Editor’s Note – August 2018
We’ll get right to the point: The five auction houses offering cars on the Monterey Peninsula have listed – to date – 134 Porsches for sale. That’s not a record however; one year quite recently had nearly two dozen more. But then this is early August and at least two of these houses are still accepting consignments.
To us, however, seeing 134 Porsches listed on these “pages” is not the only story. Bonhams, David Gooding, and RMSotheby’s have assembled some of the finest, highest quality, most significant automobiles offered in one community perhaps ever. And at some of the highest estimates perhaps ever.
For example, as we reviewed not only the Porsche offerings but also those for other marques, we discovered something that startled us. Of 135 cars that Bonhams has to offer, 29 of them listed their low estimate at $500,000 and up from there. The value of those cars – at low bid –is $33,775,000. David Gooding offers 149 cars with 64 of them estimated to sell for $500,000 or more. His total comes to $138,250,000. And RMSotheby’s has set $500,000 or greater “low” estimates on 60 of their 150 vehicles. That represents $165,200,000. The three house total – if only those cars sell and only at low estimate – is $337,225,000, a third of a billion U.S., if only 152 cars sell out of their 434 available. Mecum Auctions probably have that many more cars themselves. (Please see the lists of vehicles offered; it’s the final story in this issue.)

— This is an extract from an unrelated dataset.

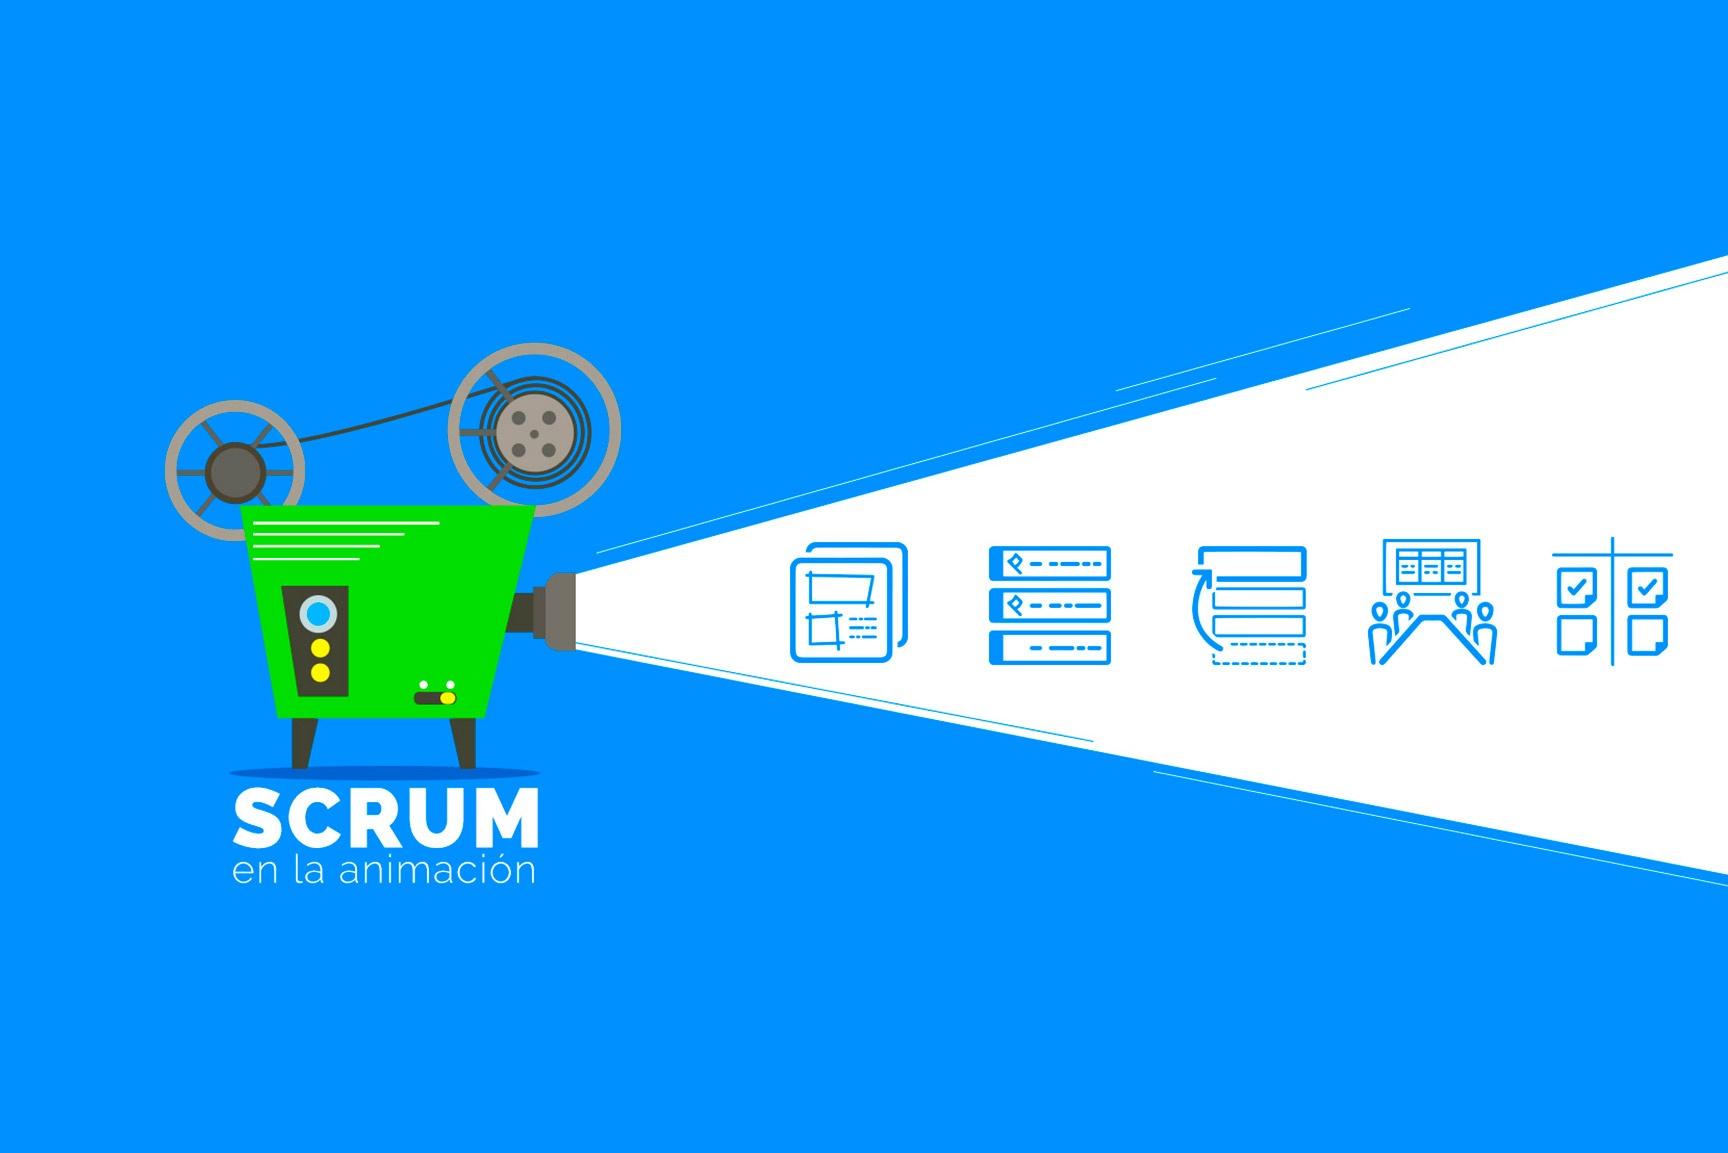 h_uso_de_scrum_en_la_produccion_de_animacion_digital_y_la_posproduccion_de_video.jpg

It tells us the cars have come out of hiding.
Will the buyers?
Please take a look at Kevin Watts’ thoughtful piece looking ahead to the auction that appears just after this Editor’s Note.
If the numbers make you dizzy, we hope you will enjoy our two other features. First up Sean Smith acquaints you with a musician you may have heard of and – in this, the first installment of a two part story – introduces you to his car, the striking SC Targa you see at the top of this page. Sean will present the rest of the story in our September issue – teased with some photos at the end of this first half of the story and adventures to come.
The 911S you see here in beautiful light reintroduces us to Randy Wells’ two-part profile on Chuck Miller. Here in the conclusion, you’ll read more of his exploits and see more of his car.
If you’re heading to Monterey for the weeklong activities, have safe travels. If you plan to bid, we wish you good luck. And, as always, thanks for reading us.